Changes in the composition of gut microbes are associated with host physiology and human diseases, such as diabetes, heart disease, and depression, through excessive production of short-chain fatty acids such as butyric acid, propionic acid, succinic acid, and acetic acid which affect the host metabolism [44,45]. Cui et al. reported that the glutamine/glutamate and glycine/serine/threonine metabolism pathways were abnormally altered in the serum of patients with AD [46].
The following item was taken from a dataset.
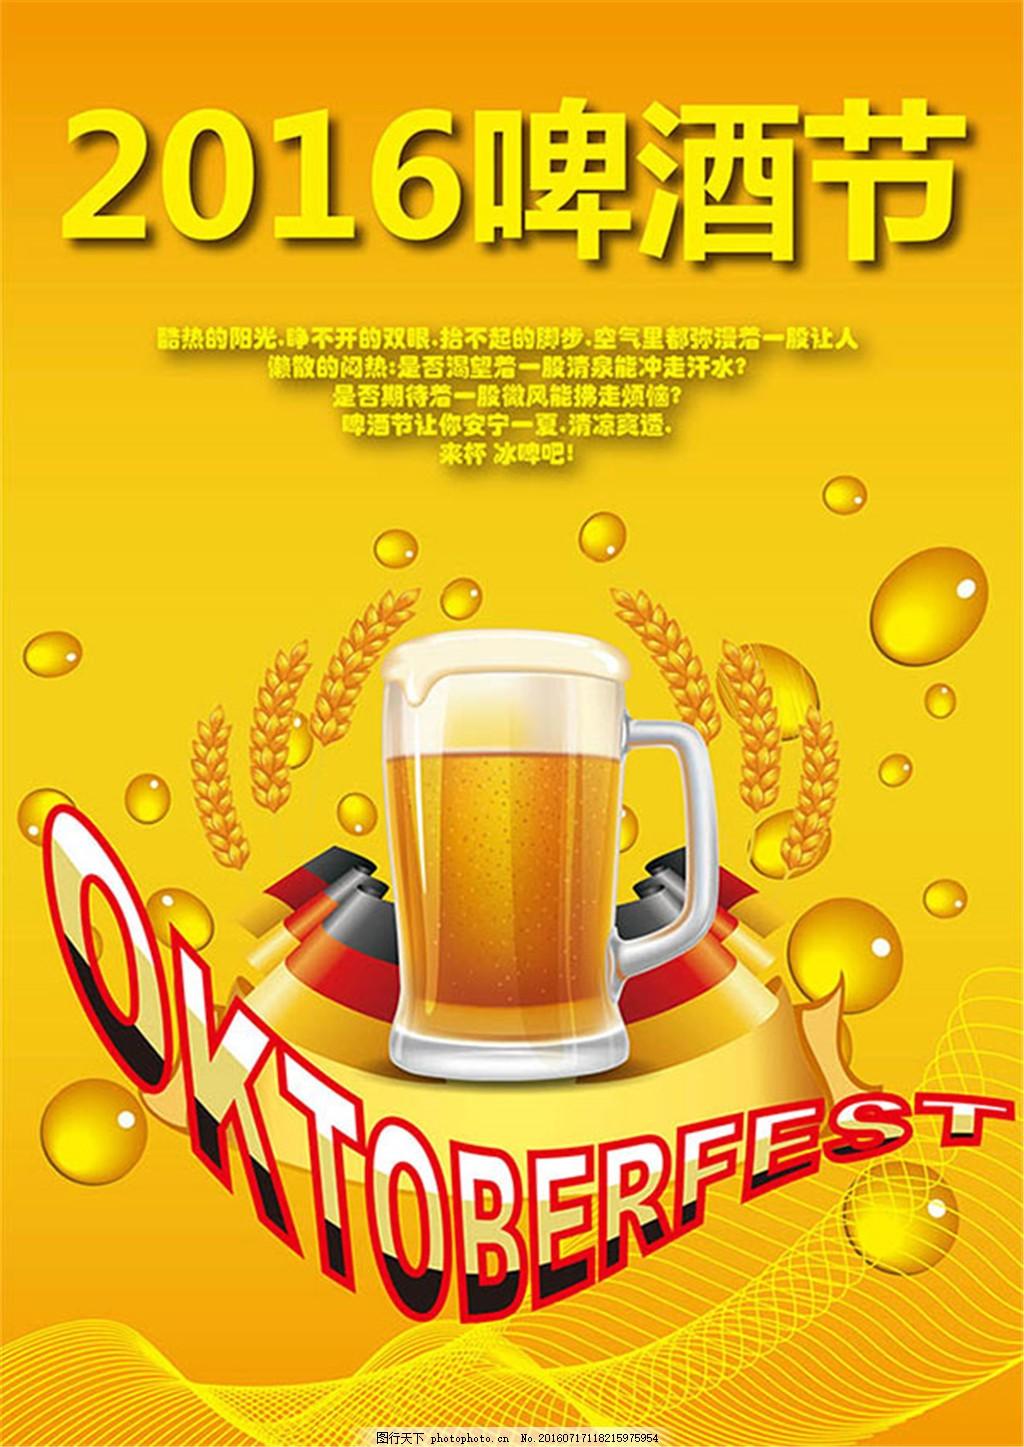 啤酒节海报素材 报背景 海报设计 啤酒 啤酒节海报 青岛啤酒 淘宝素

The phenylalanine, tyrosine, and tryptophan metabolic pathways have a positive contribution in regulating neurotransmitters in serum, such as Aβ, Tau, P-Tau, Ach, AchE, ChAT, SOD, and MDA, which were confirmed in this study. Moreover, abnormal levels of phenylalanine could be converted into hippuric acid (HA) by intestinal microorganisms, and excessive HA causes neuroinflammation and affects the level of neurotransmitters and oxidative stress in the body. Tryptophan metabolism is regulated by intestinal microorganisms, and its metabolites possess immune, metabolic, and neuroregulatory functions, which have become therapeutic targets for various diseases. Trp metabolism has been implicated in several neurodegenerative diseases, including Huntington’s disease (HD), AD, amyotrophic lateral sclerosis (ALS), and PD. Trp metabolism, a potential mechanism of neurodegeneration, includes excitatory toxicity through TRP-dependent protein toxicity, accumulation of Trp metabolites, and energy imbalance due to NAD+ depletion [47].
5. Conclusions
In this study, we found that FGE improved behavioral cognitive deficits in AD-like mice treated with GE powder and could ameliorate the damage to neuronal cells in the hippocampus by positively regulating neurotransmitters such as Aβ, Tau, P-Tau, AchE, Ach, and ChAT. Moreover, analysis of the gut microbiota composition found that FGE could enhance the abundance of probiotics, such as Lachnospira and Lactobacillus, which were correlated with the production of neurotransmitters. Furthermore, we confirmed that the amino acid metabolism pathway is the most differential metabolic pathway that is closely correlated with AD development. As a result, microbial-based fermentation can be a potential strategy for treating GE to achieve greater medicinal value. In addition, FGE could be a new potential source for treating AD by regulating the gut microbiota.
Supplementary Materials
The following supporting information can be downloaded at: https://www.mdpi.com/article/10.3390/foods13132154/s1, Figure S1: Effects of GE powder and FGE on number of crossings of AD-like mice; Figure S2: Effects of GE powder and FGE on total movement distance of AD-like mice; Figure S3: LDA Effect Size analysis of community differences between groups; Table S1: Chemical composition identification of FGE using HR-LC/MS in positive mode.
Author Contributions
Conceptualization, Y.W. and C.X.; methodology, M.Z. and J.Y.; software, M.Z. and F.C.; validation, L.L. (Ling Lin), Q.L. and L.L. (Liangqun Li); formal analysis, Y.W.; investigation, M.Z. and L.L. (Ling Lin); resources, Y.W.; writing—original draft preparation, M.G.; writing—review and editing, J.Y. and M.G.; supervision, X.Y. and C.X.; funding acquisition, M.G., L.L. (Lilang Li) and X.Y. All authors have read and agreed to the published version of the manuscript.
Funding
This research was funded by the Science and Technology Projects of Guizhou Province (QKHJC-ZK [2024]YB639, QKHCG [2024]YB087), the National Key Research and Development Program of China (No. 2021YFD1601001), the Science and Technology Projects of Guizhou Province (No. QKHCG [2020]4013), and the Guizhou Province Innovation Capability Improvement Platform (No. 2020-018).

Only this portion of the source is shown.